Thanks for tips. I'll monitor this server downtime to see if it crash again ?

Of course, and don't forget that SirDice asked you to check for hardware errors. Regardless if you have crashes or not, updating to the latest patch release is a good practice.
 
You're missing the important information regarding the crash in the picture - the message. Only backtrace is shown.
Do you have dump configured ? If so you can find the text info in /var/crash/core.txt.$N by default, where N is the number of last crash.

If you don't have it set look at dumpdev in /etc/rc.conf configuration.

Does it crash regularly (though 12d uptime doesn't fix the "crashes every two days" criteria). ?
Is some heavy job scheduled to be run during that period ? You said no - were you logged just before it crashed monitoring ?

When it comes to FreeBSD I'd push for 10.2 version as guys are improving performance every release.
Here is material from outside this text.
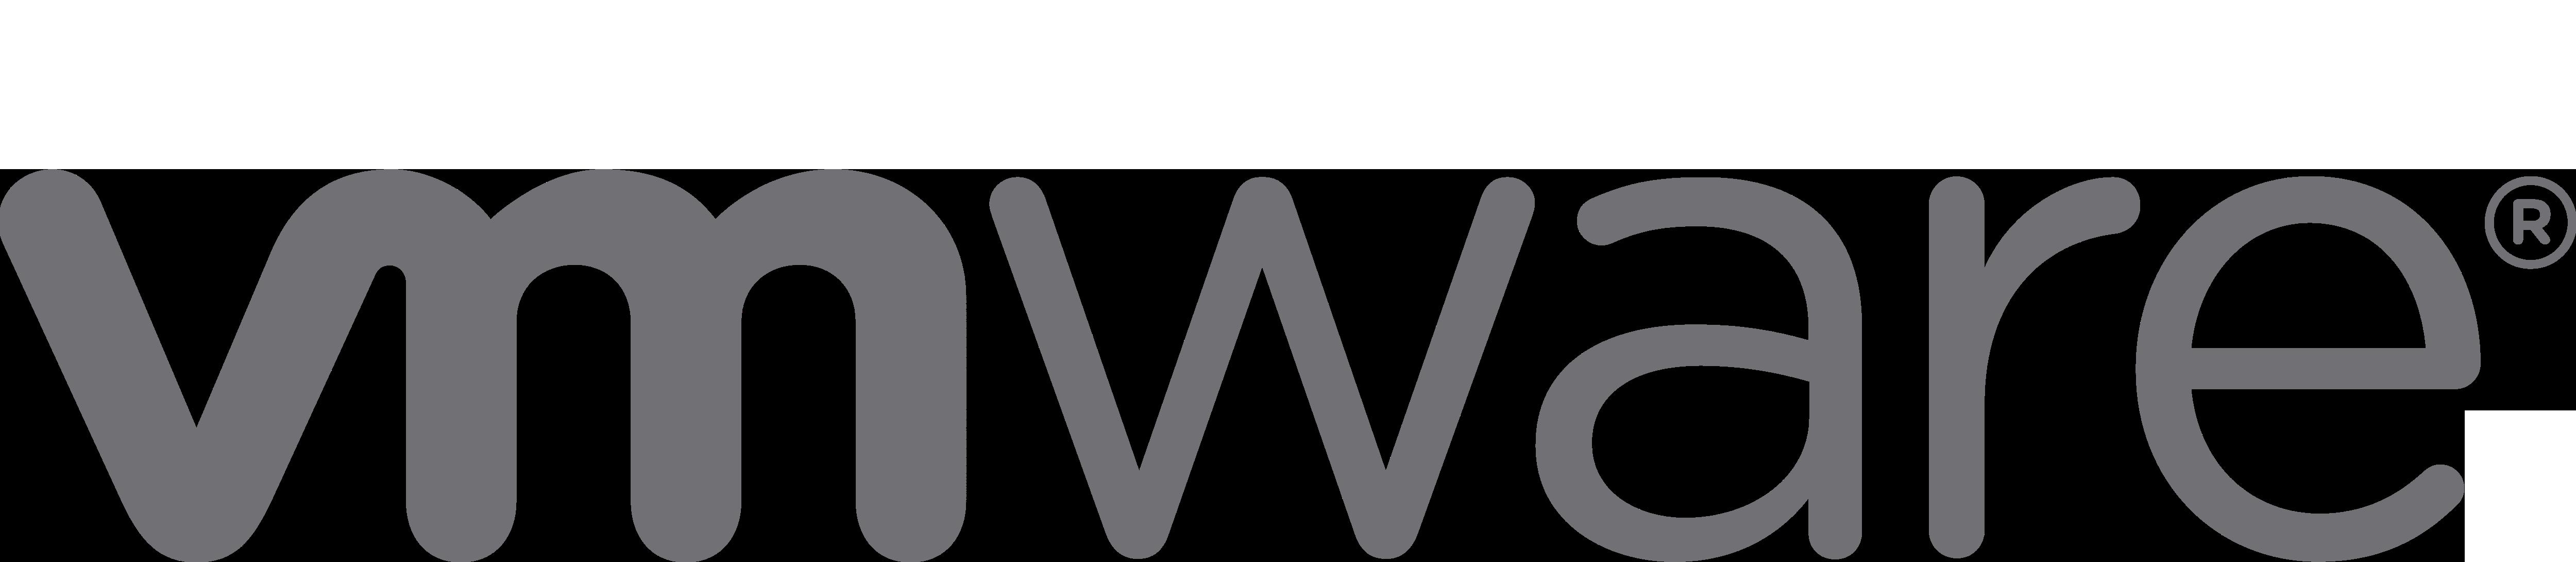 Vmware logo 4

As SirDice mentioned already - do check for the HW issues. Especially with non-ecc RAM. Running Memtest+ for few hours, etc. could show possible memory issues.
 
You're missing the important information regarding the crash in the picture - the message. Only backtrace is shown.
Do you have dump configured ? If so you can find the text info in /var/crash/core.txt.$N by default, where N is the number of last crash.

If you don't have it set look at dumpdev in /etc/rc.conf configuration.

Does it crash regularly (though 12d uptime doesn't fix the "crashes every two days" criteria). ?
Is some heavy job scheduled to be run during that period ? You said no - were you logged just before it crashed monitoring ?

When it comes to FreeBSD I'd push for 10.2 version as guys are improving performance every release.

As SirDice mentioned already - do check for the HW issues. Especially with non-ecc RAM. Running Memtest+ for few hours, etc. could show possible memory issues.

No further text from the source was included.